United States v. Whiting Pools, Inc.

PETITIONER: United States
RESPONDENT: Whiting Pools, Inc.

DOCKET NO.: 82-215
DECIDED BY: Burger Court (1981-1986)
LOWER COURT: United States Court of Appeals for the Second Circuit

CITATION: 462 US 198 (1983)
ARGUED: Apr 19, 1983
DECIDED: Jun 08, 1983

Lloyd H. Relin - on behalf of the Respondent
Stuart A. Smith - on behalf of the Petitioner

Facts of the case


Media for United States v. Whiting Pools, Inc.

Audio Transcription for Oral Argument - April 19, 1983 in United States v. Whiting Pools, Inc.

Warren E. Burger:

We will hear arguments next in United States against Whiting Pools.

Mr. Smith, I think you may proceed when you are ready.

Stuart A. Smith:

Mr. Chief Justice, and may it please the Court, this bankruptcy tax collection case comes here on writ of certiorari to the Second Circuit.

It presents an important question under the new Bankruptcy Code, whether a Bankruptcy Court in a reorganization proceeding under Chapter 11 may compel the government under Section 542(a) of the Bankruptcy Code to turn over to the debtor in possession property which the government had seized by levy to satisfy the debtor's delinquent federal tax liabilities prior to the filing of the bankruptcy petition.

The facts are relatively simple, and can be summarized as follows.

Respondent is a corporation engaged in the business of servicing swimming pools.

In 1979 and 1980, it had unpaid assessments for withholding, employee withholding and social security taxes amounting to some $92,000.

These liabilities had gone unpaid for almost as much as two years, and on January 14th, 1981, the Internal Revenue Service exercised its statutory rights to levy on Respondent's inventory equipment and other tangible property.

This was done by placing a padlock on the premises, and the property therefore was seized pursuant to Section 6331(a) of the Internal Revenue Code.

The very next day, January 15th, 1981, Respondent filed a petition for reorganization under Chapter 11 of the Bankruptcy Code.

Warren E. Burger:

What was the value of the property seized when the adjustment, $20,000 adjustment was made?

Stuart A. Smith:

Well, the value of the property was found by the Bankruptcy Court to have a liquidating value of $35,000.

Warren E. Burger:

What was the amount of the government's claim?

Stuart A. Smith:

The amount of the government's claim is $92,000.

The $20,000 adjustment, Mr. Chief Justice, is somewhat of a... well, it is really not before the Court, because it involves the adequate protection question, but let me simply say in passing that the government took the position, correctly, we think, below, that that $20,000 did not constitute adequate protection because that was $20,000 in the bank account that the government had exercised its seizure rights.

So what was being done essentially was saying... was the Bankruptcy Court saying, well, you have adequate protection here because I am going to take this $20,000.

You have got $20,000 already.

That was with respect to another seizure.

But in any event, it is not before the Court.

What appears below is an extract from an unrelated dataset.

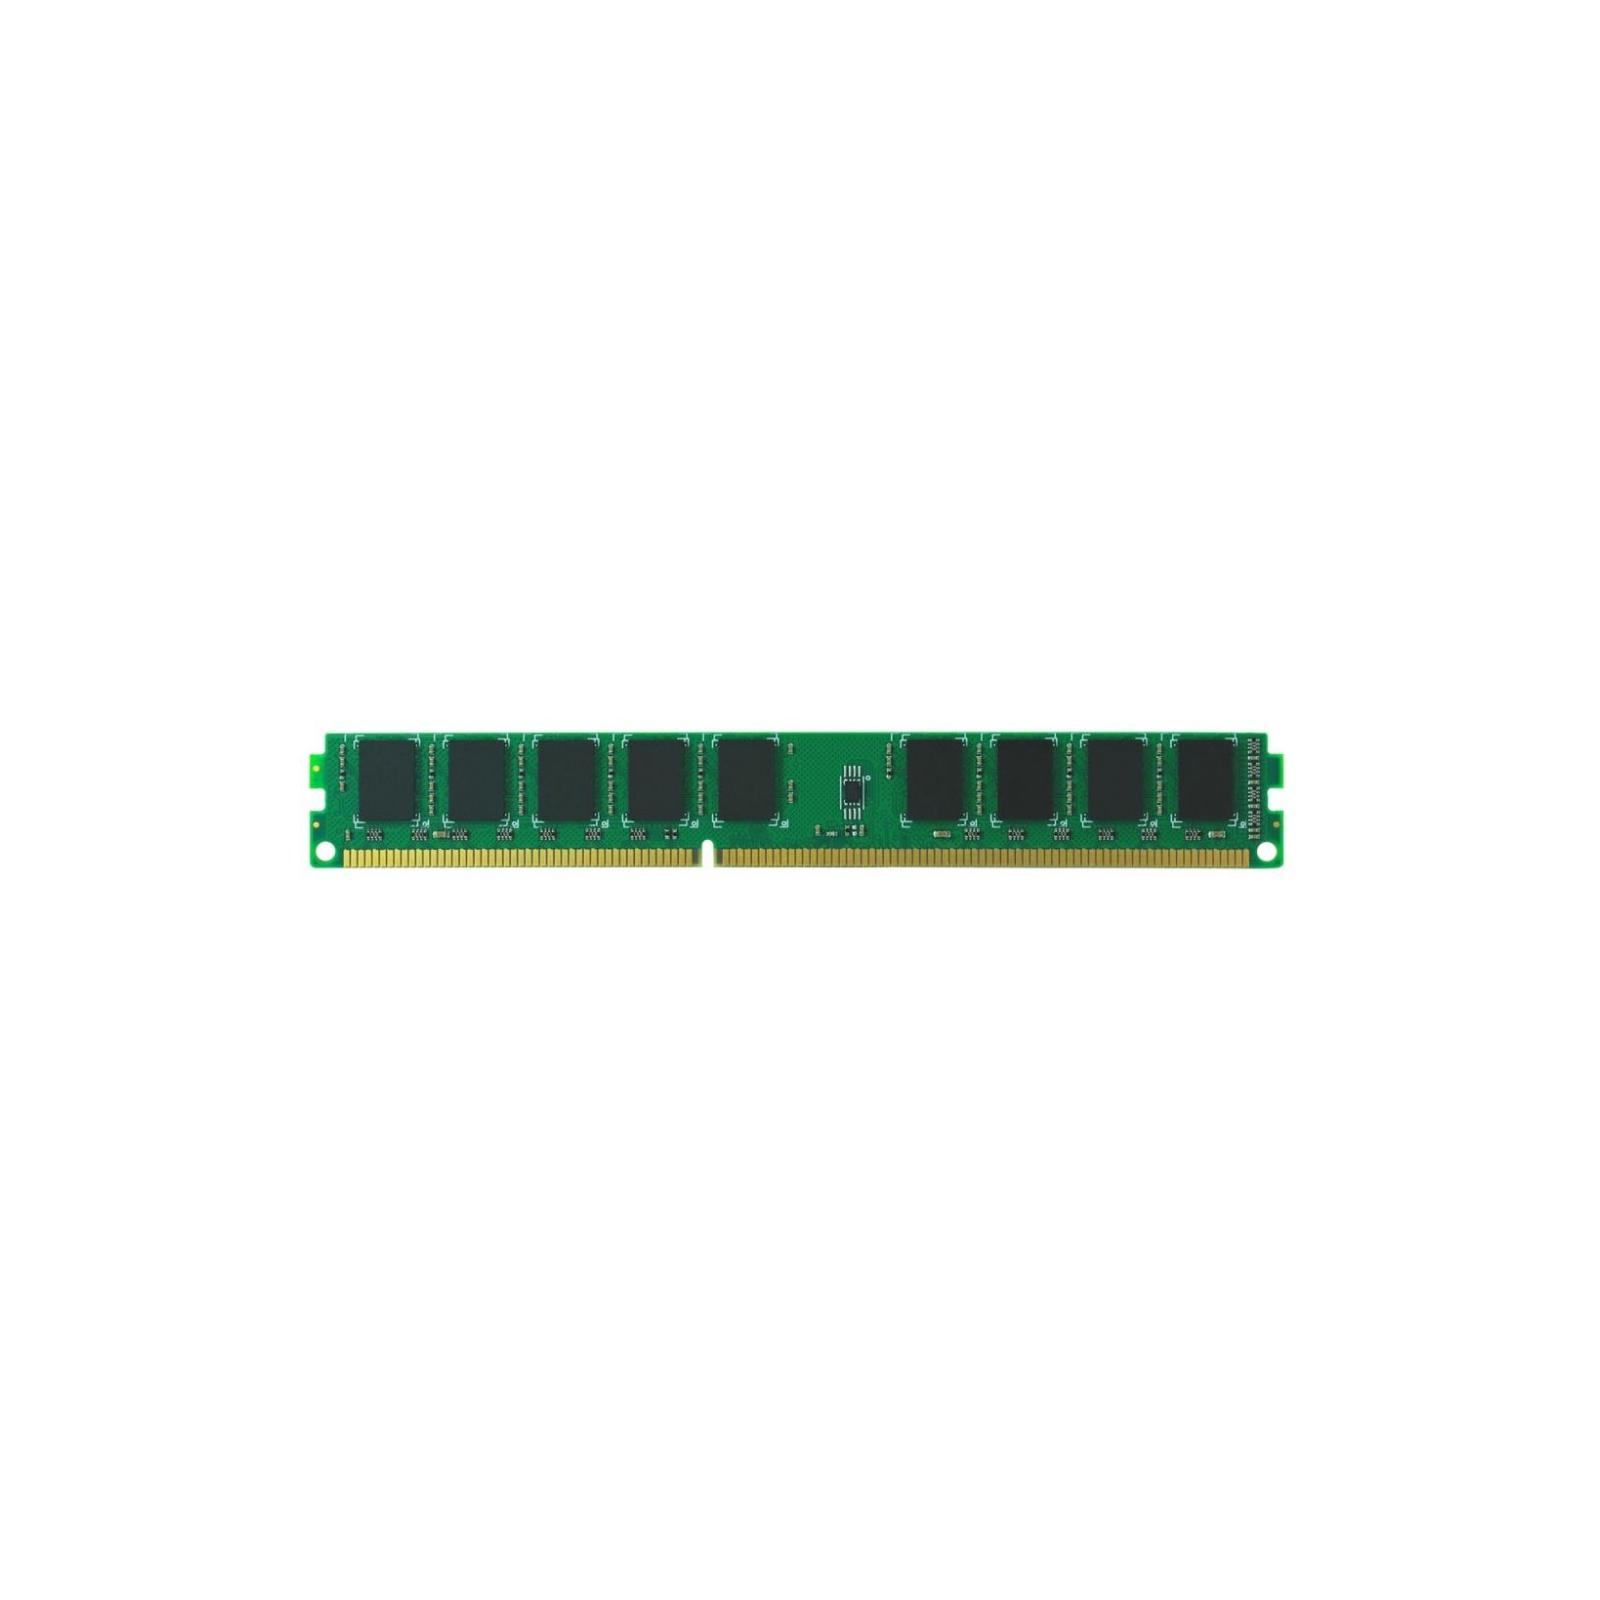 Модуль памяти для сервера DDR3 8GB ECC UDIMM 1600MHz 2Rx8 1.35 CL11 Goodram (W-MEM16E3D88GL)

By doing this, by filing this petition, the Respondent became a debtor in possession, and one month later, in February, the Internal Revenue Service sought to exercise its statutory rights under Section 6335 of the Code to sell the seized property and to reduce it to cash and to apply it against the tax liability.

It then, because of that, because it wished to do that, it went into bankruptcy... it went into the Bankruptcy Court on February 18th and sought an order from the bankruptcy judge that the automatic stay provisions of Section 362 did not bar its sale of the property, principally because the property was seized.

It was not part of the bankruptcy estate.

Respondent counterclaimed and sought an order which is at issue here, the propriety of which is at issue here, requiring the government to turn over the seized property under Section 542(a) of the Bankruptcy Code.

The Bankruptcy Court upheld the government on the issue that is before the Court.

It held that Respondent was not entitled to compel a turnover order... to a turnover order under 542(a), and the District Court on review likewise upheld the government.

It basically held, in accordance with our submission here, that the seized property was not property of the estate within the meaning of the pertinent provisions of the Bankruptcy Code, and was hence not subject to turnover.

William H. Rehnquist:

Do you think the District Court or the Bankruptcy Court based that view on the... analogizing the government's position here to that of any seizing secured creditor, or on the basis of peculiar to the government's position?

Stuart A. Smith:

I think on the basis of peculiar to the government's position, that the government is not simply seizing secured credit, but operates, as the Court... as we point out in our brief, and the Court recognized in Phelps, the government... the government's position as tax collector is really quite different and distinct, and Congress has so made it different and distinct because of the involuntary nature of the government's creditor relationship.

In other words, we did not... unlike a bank, we did not enter into a voluntary relationship with Respondent to lend it money, and hope, you know, and take collateral.

We basically... Here we are in the position where, as the Court of Appeals itself recognized, the Respondent helped itself to the government's money.